== Problem requirements ==
The copy must match the data word for word and contain no pictures.

== Given data ==
--- START ---

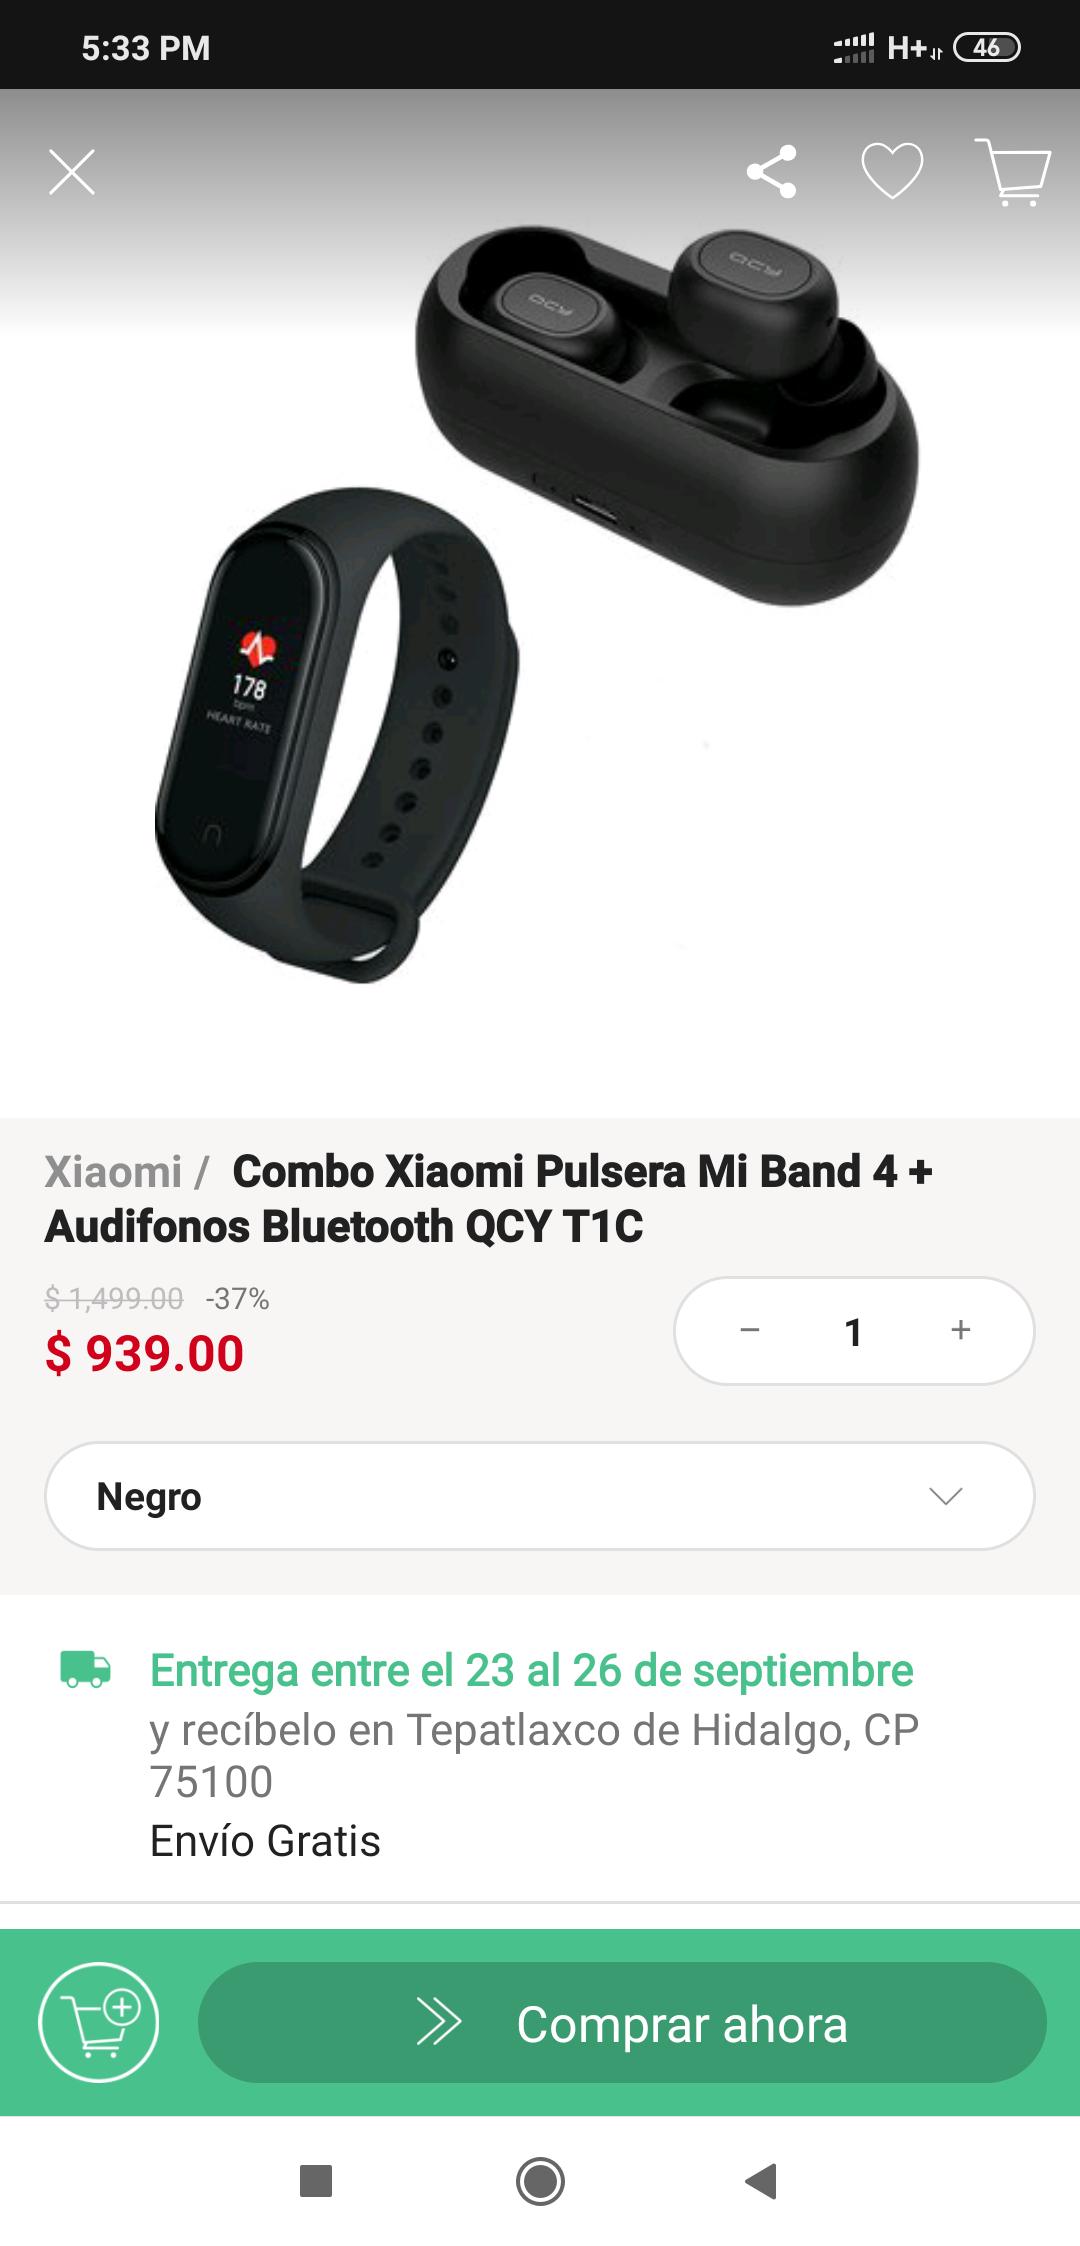 Linio: Combo Xiaomi Pulsera Mi Band 4 + Audifonos Bluetooth QCY T1C
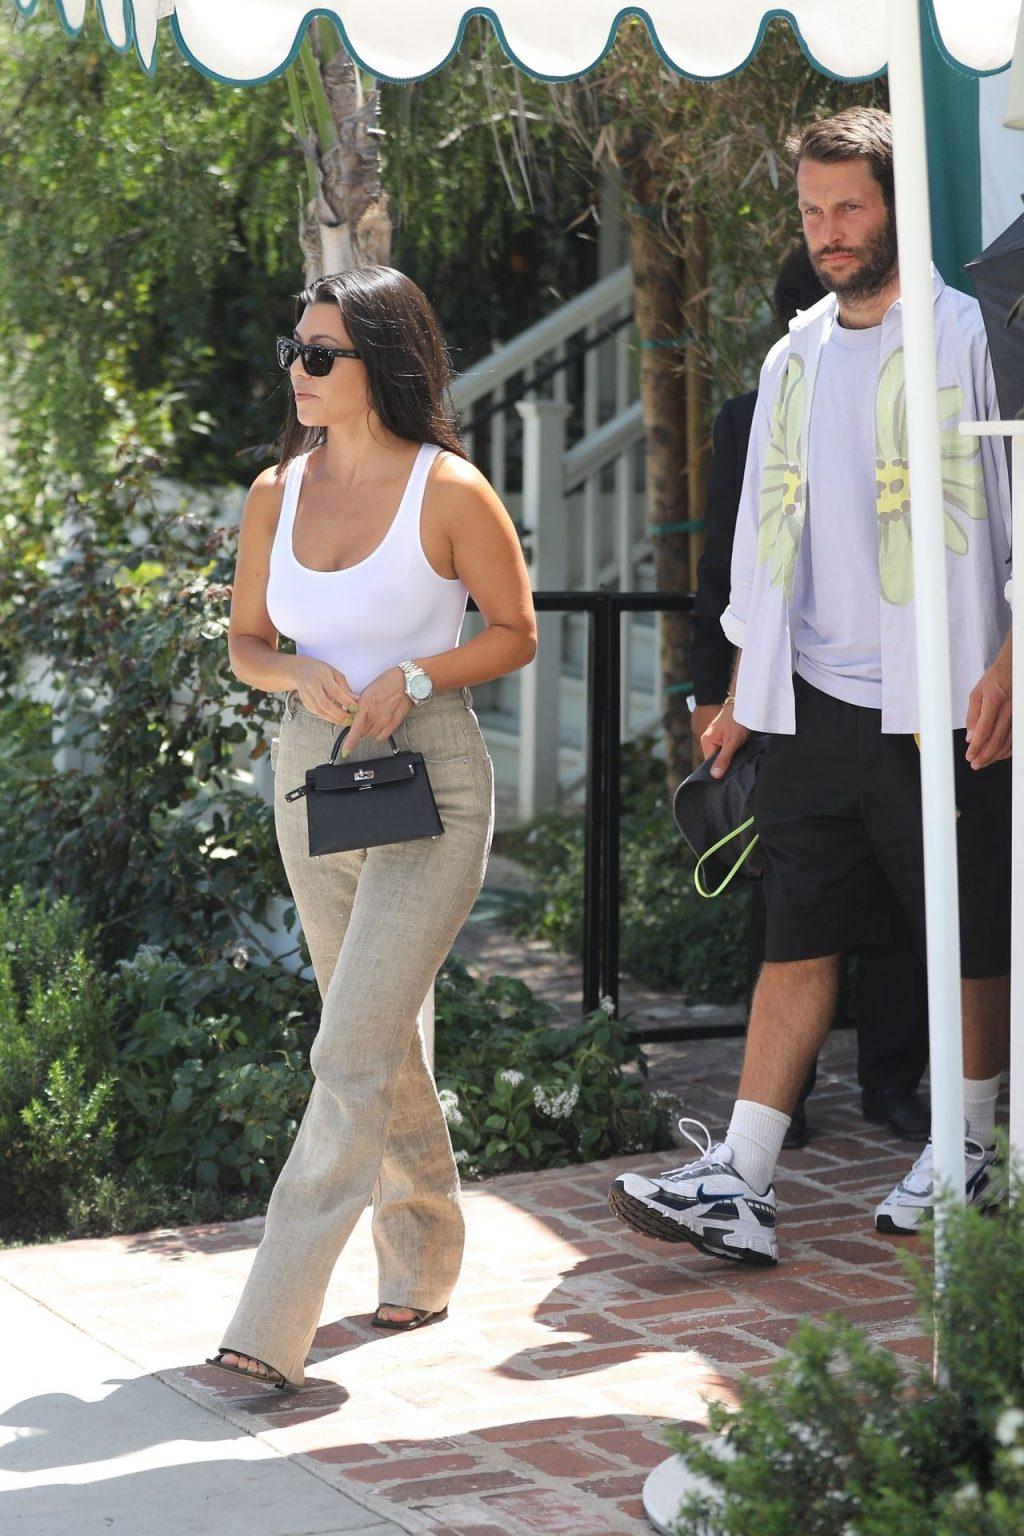 Kourtney Kardashian See Through Thefappeningblog Com 82 1024
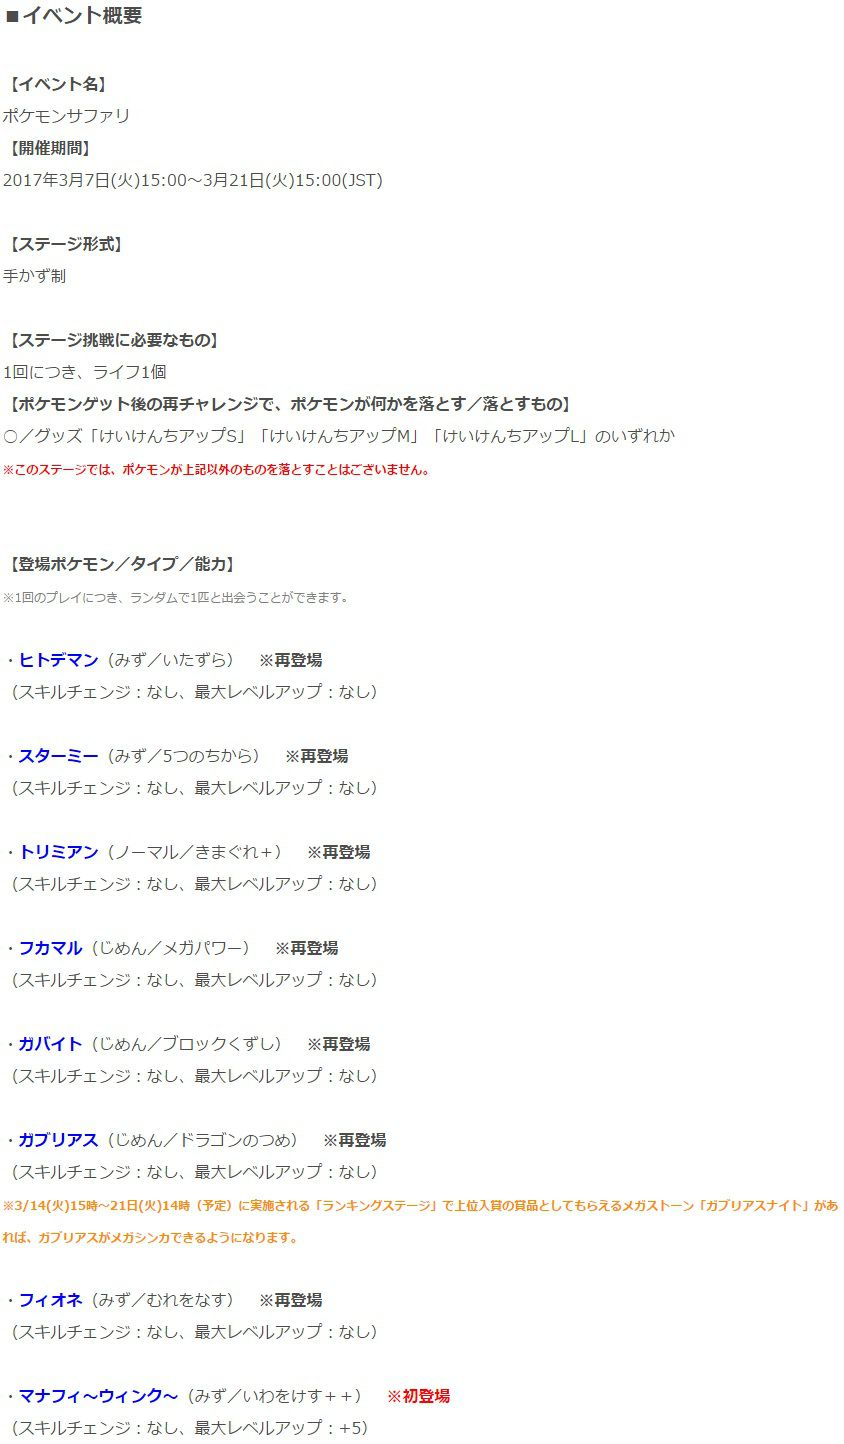 image_8362.jpg

--- END ---

== Response area ==
 Linio: Combo Xiaomi Pulsera Mi Band 4 + Audifonos Bluetooth QCY T1C
 Kourtney Kardashian See Through Thefappeningblog Com 82 1024
 image_8362.jpg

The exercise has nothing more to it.